As they went down for the third or fourth time I noticed the water reddening around them, showing that it was time for some blessed peacemaker to interfere. Not knowing who started the fight, I pushed the canoe over them impartially. When they came up I splashed them with the paddle, and they seemed to realize for the first time that a stranger, an enemy, was watching them. In a wink they were themselves once more; their native alertness returned; their lunacy was shed like a garment. The beaver sounded on the instant, giving the alarm signal of his tribe as he went down. He is a sociable creature, living by choice with a colony of his fellows, and in him the thought of his own safety is always associated with the safety of others. But the otter, accustomed to roaming alone, whirled without a sound and forged away on the surface, heading for the nearest shore. There I watched him twisting about uneasily, mewing over his wounds, dressing his rumpled fur like a sick cat.

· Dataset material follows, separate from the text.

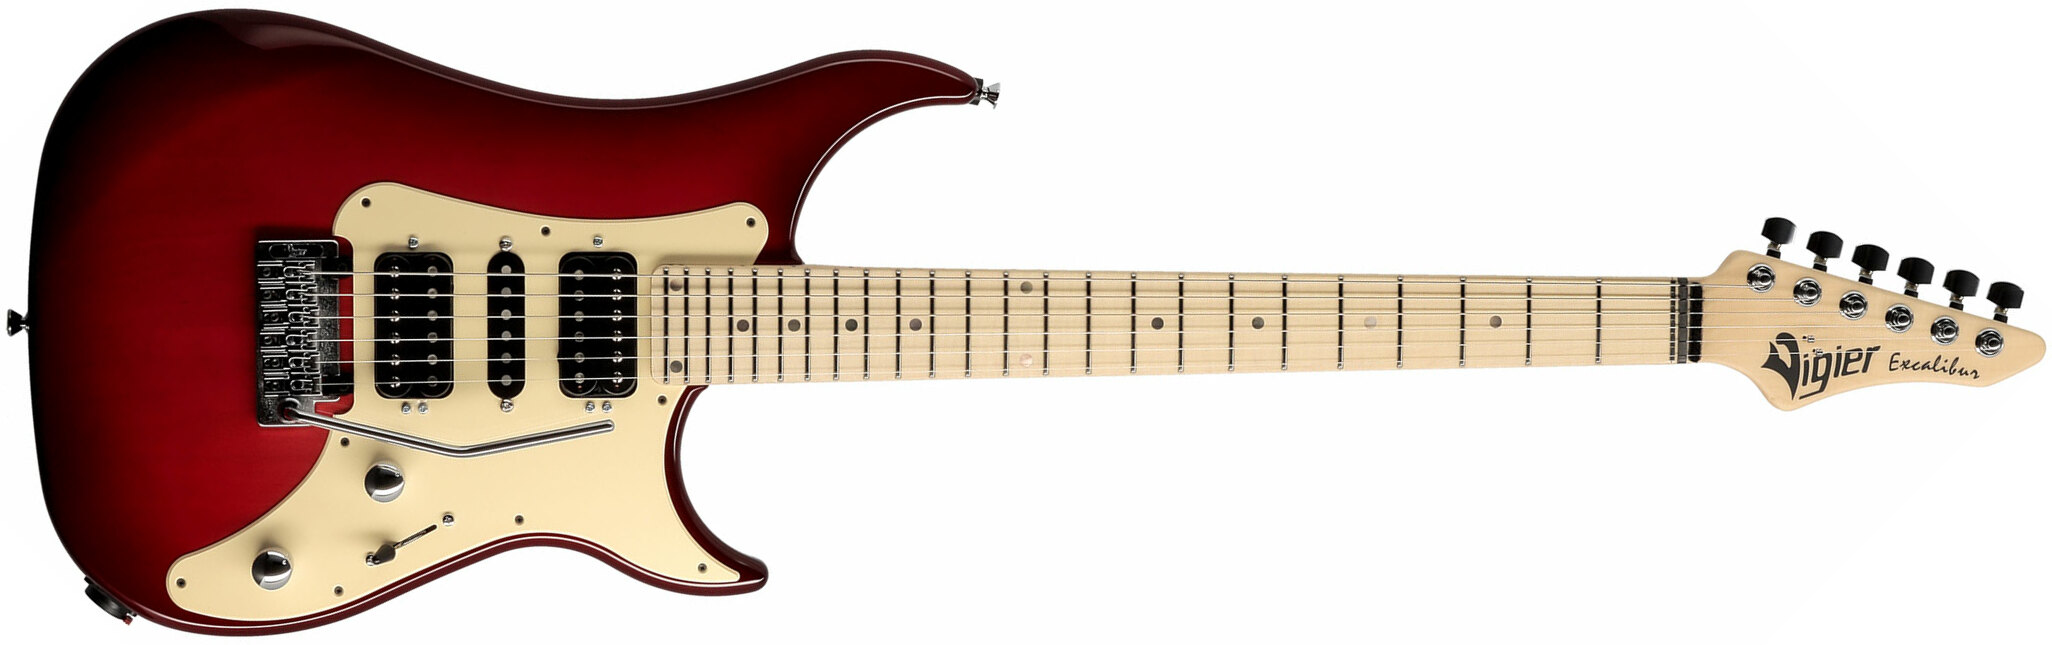 Vigier Excalibur Supraa Hsh Trem Mn - Clear Red - Guitarra eléctrica con forma de str. - Main picture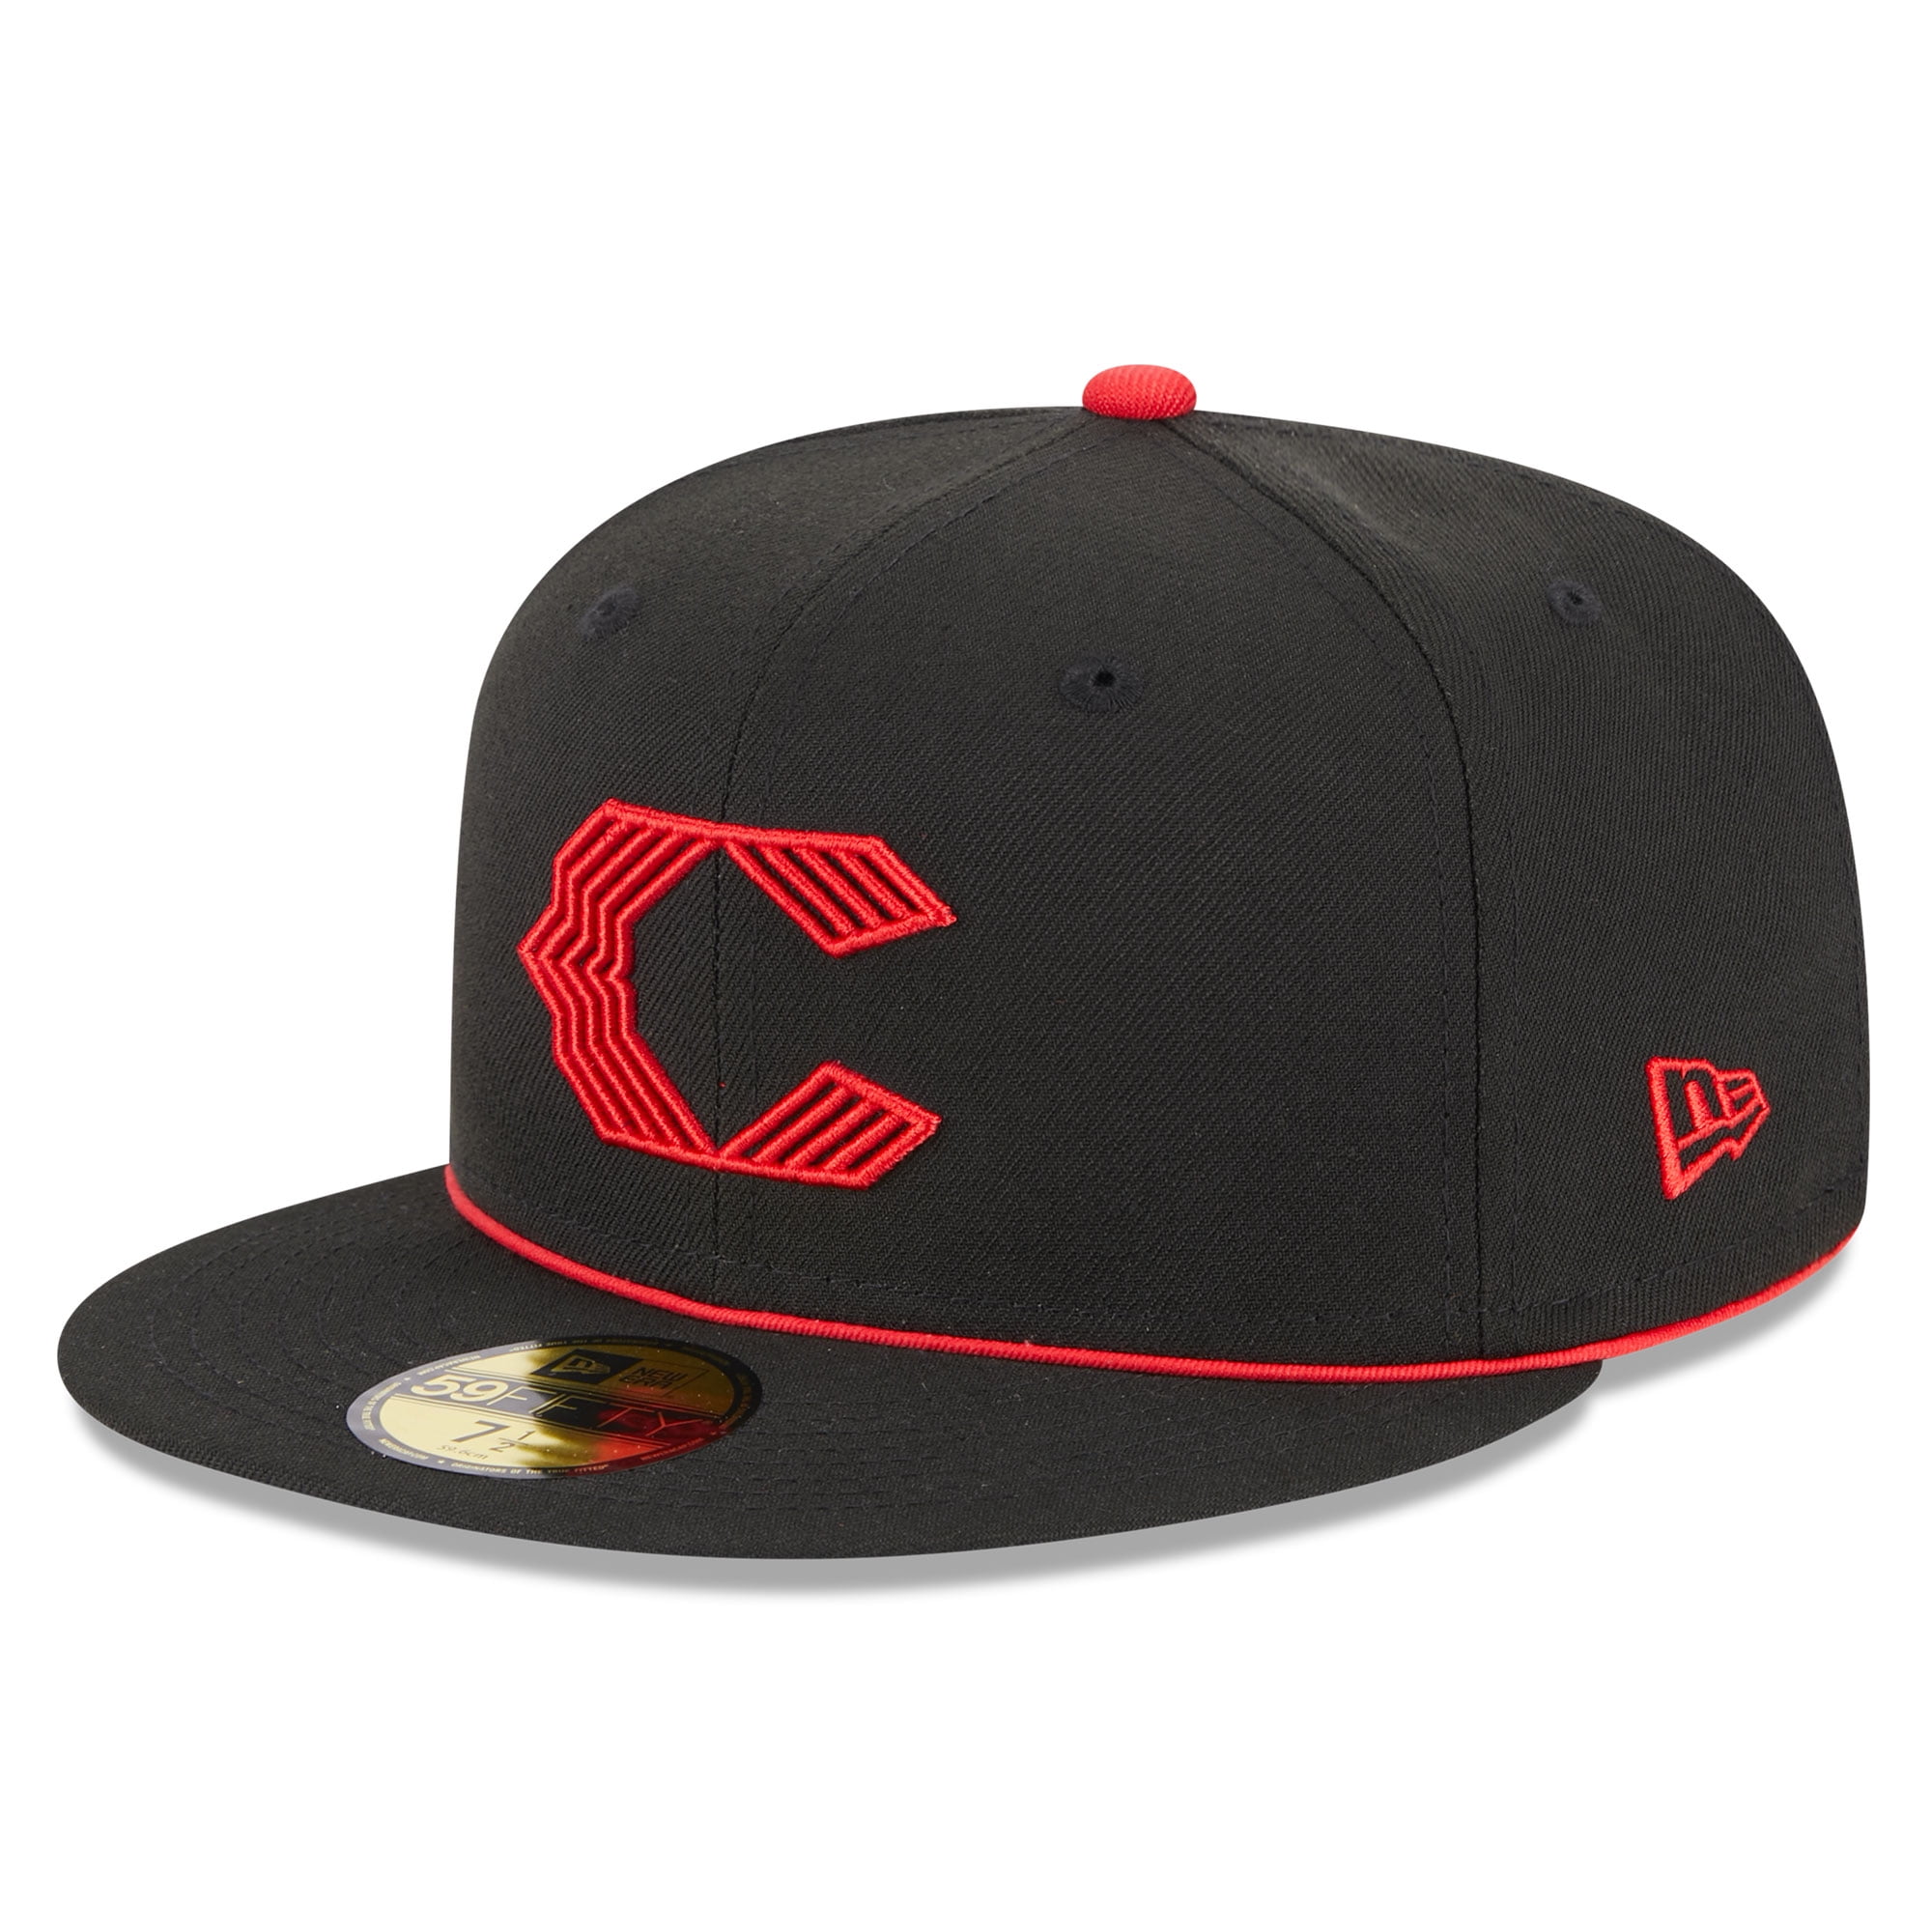 Cincinnati Reds 59FIFTY Fitted New Era Red Hat

That was the first time I ever learned of the grudge which seems to stand unsettled between beaver and otter. Had it been the last, I would have thought no more of it than of any other odd incident; but several times in later years I found signs of the same incomprehensible feud. Once the evidence took the form of two dead bodies, beaver and otter, floating together in a cove at the mouth of a brook, where the water circled aimlessly round and round. They had killed each other, I judged, since both were badly bitten about the neck. In a grip that neither had the will to break they sank to the bottom and died. There they rested awhile, till with lightened bodies they rose to the surface and went bumping each other around the eddy, as if their quarrel were still on.

Whether the feud were general among all otters and beavers of that region, or whether it was a private animosity kindled by a personal grievance, I had no means of knowing. Occasionally I would hear of a similar quarrel in other places, and every new indication of it puzzled me afresh. Fights being rarely exceptional between animals of different species, I could imagine no reason why a beaver, most inoffensive of the wood folk, should go out of his way to force a quarrel on an animal with whom he has no dealing from one year’s end to another. The two are not what we call natural enemies, meaning by the thoughtless expression that one does not eat the other as food. They belong to different tribes that have nothing in common, not even a cause of enmity. They cannot interfere with each other in the matter of food, since the otter lives on fish, the beaver on bark or water plants, according to season. Moreover, every wild animal avoids meddling with creatures that do not appeal to him momentarily when he is looking for something to eat, and the beaver is exemplary in minding his own business. He lives a secluded kind of life, wandering up or down the wilderness streams with his family all summer, shutting himself up in a narrow prison all winter; and, aside from wolves or lynxes, which gladly eat beaver meat when they have a rare chance, he has not an enemy in his quiet world so long as man keeps out of it.